Wild-Caught Salmon: These salmon migrate long distances in the ocean and spawn in freshwater. Because of their active nature, wild salmon have a leaner body composition with a more pronounced meaty flavor than farm-raised salmon. They generally have a higher omega-3 fatty acid content than farmed salmon. Fresh wild salmon is typically available between late spring and fall, and frozen wild salmon is available year-round.

Farmed Salmon: Like any other fish, the flavors of farmed salmon are a result of their habitat and feed. Because they are fed on controlled diets and do not roam as far as wild salmon, farmed salmon have a higher fat content with a milder, buttery flavor. Farming practices allow these salmon to be available fresh and frozen year-round.

Is Joe’s Salmon sustainable?

Salmon is among the most regulated proteins in the US and a sustainable option if purchased from a trusted supplier.

Wild Salmon Sustainability: Most major stocks like Alaskan salmon are healthy options thanks to rigorous management by state and federal agencies. These fishing regulations prevent overfishing for salmon by setting limits on the number of fish that can be caught each year and the minimum sizes of the fish that can be caught. Continued efforts to preserve salmon spawning habitats and the help of salmon hatcheries ensure healthy wild populations for years to come.

Farmed Salmon Sustainability: With responsible practices, farmed salmon can be a sustainable way to meet demand while reducing pressure on limited wild stocks for species like Atlantic salmon. We believe responsibly managed farms committed to sustainability practices, fish welfare, and transparency are part of the solution for providing healthy, delicious salmon while protecting wild stocks. There have been significant industry-wide improvements in recent years that have made salmon farming more sustainable. Innovations like efficient diets without chemicals or antibiotics reduce the salmon’s footprint and improve meat quality. Advances in water filtration for land-based fish farming reduce farm waste from polluting the ocean while allowing up to 99% of water to be recirculated. At Joe’s we proudly source our farmed salmon exclusively from producers focused on ethical, eco-friendly aquaculture innovations and full traceability from egg to harvest.

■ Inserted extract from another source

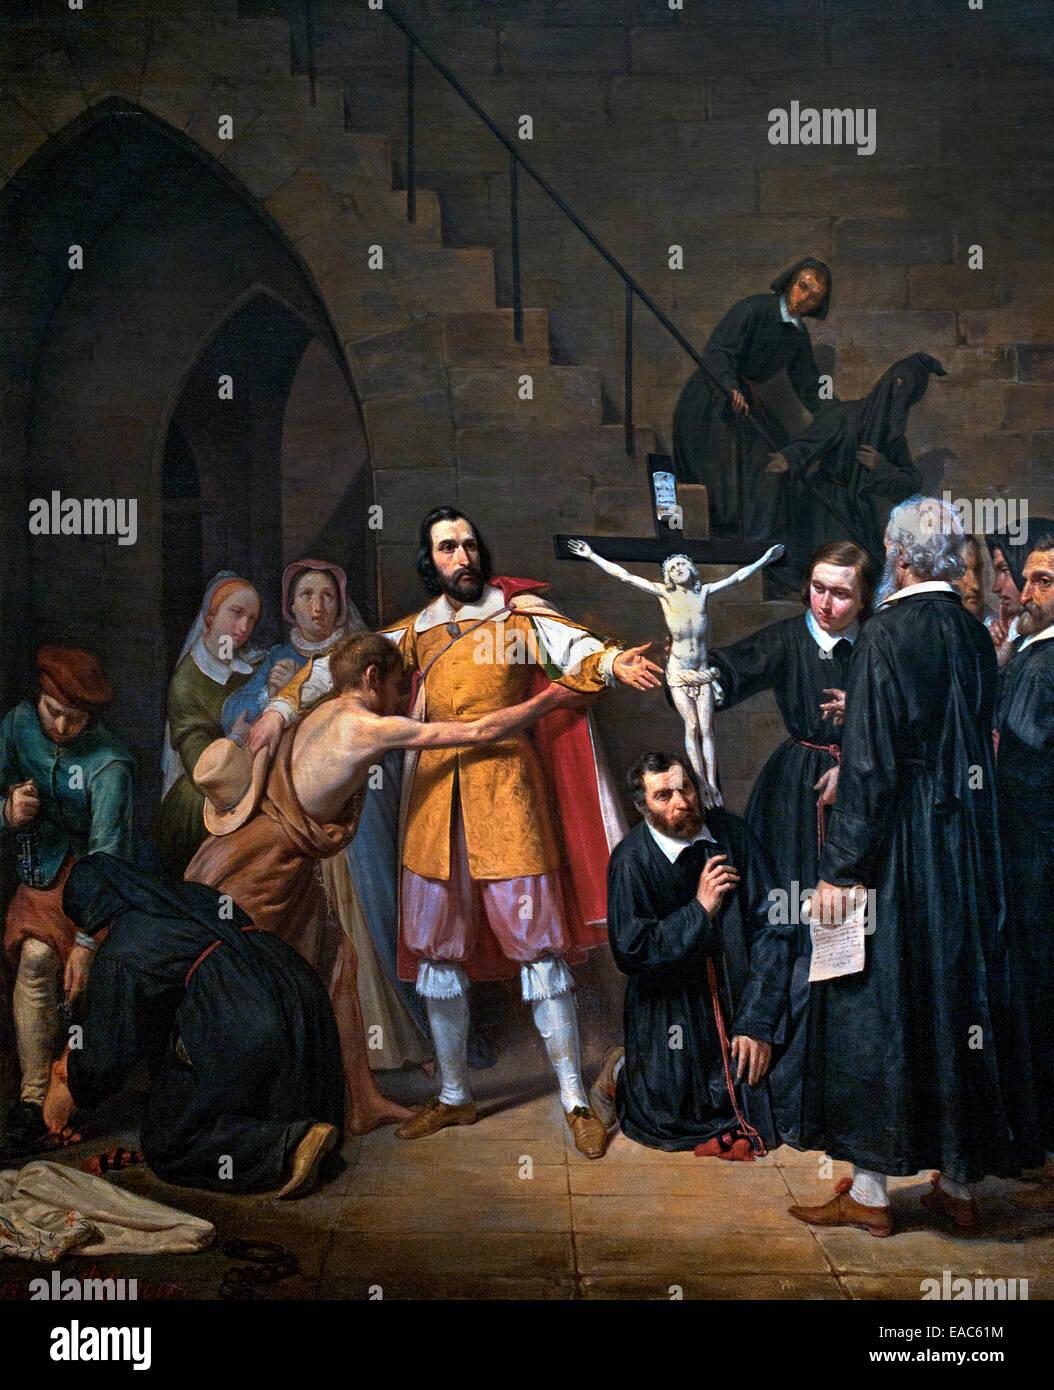 La leggenda del Cristo Nero dei penitenti 1841 Joseph Lacroix 1800-1880 Francia - Francese Immagini Stock

What are Copper River Salmon?

Copper River salmon refers to the prized catches of wild king and sockeye salmon from the Copper River in Alaska. Every spring and summer, these salmon undergo a miraculous 300-mile upstream migration from the ocean to the glacier-fed waters of the Copper River to spawn. These Copper River salmon fatten up with extra food to stay fueled throughout their remarkable journeys, creating an exceptionally rich yet earthy flavor profile. This distinguishable taste, as well as their short fishing season, make Copper River salmon a highly coveted fish.

How are Salmon and Trout different?

Both members of the Salmonidae family, making them difficult to differentiate.

Size: Salmon are generally much larger, averaging 8-12 pounds. Trout, however, rarely exceeds 5 pounds.

Habitat: Salmon are born in freshwater, migrate to the ocean to feed and grow, and return to freshwater to spawn. Trout species are mostly freshwater only, with the exception of steelhead and cutthroat trout, which are sea-run like salmon.

Appearance: Salmon has a more pronounced silvery sheen on their scales and skin compared to the rainbow or brown hues of many trout.

Taste: Salmon has a richer, oilier taste than trout due to their higher fat content. Trout are typically leaner than salmon, with a milder flavor.

Is Steelhead Trout or Salmon?

Steelhead trout are not salmon because they are separate species. Steelhead trout are a subspecies of rainbow trout, which is not salmon. Steelhead trout typically spend 2-3 years in freshwater before migrating to the ocean, while salmon usually spend 1-2 years in freshwater before migrating to the ocean.

Can you eat Salmon skin?

Yes, you can absolutely eat salmon skin! Although it is often discarded as a matter of personal preference, salmon skin is perfectly safe, delicious, and nutritious to eat. The skin contains healthy fats, protein, and much of the salmon's vitamin D content. When cooked properly, salmon skin crisps up beautifully to provide textural contrast to the tender salmon flesh. Salmon skin develops a wonderfully savory, umami-rich flavor when cooked.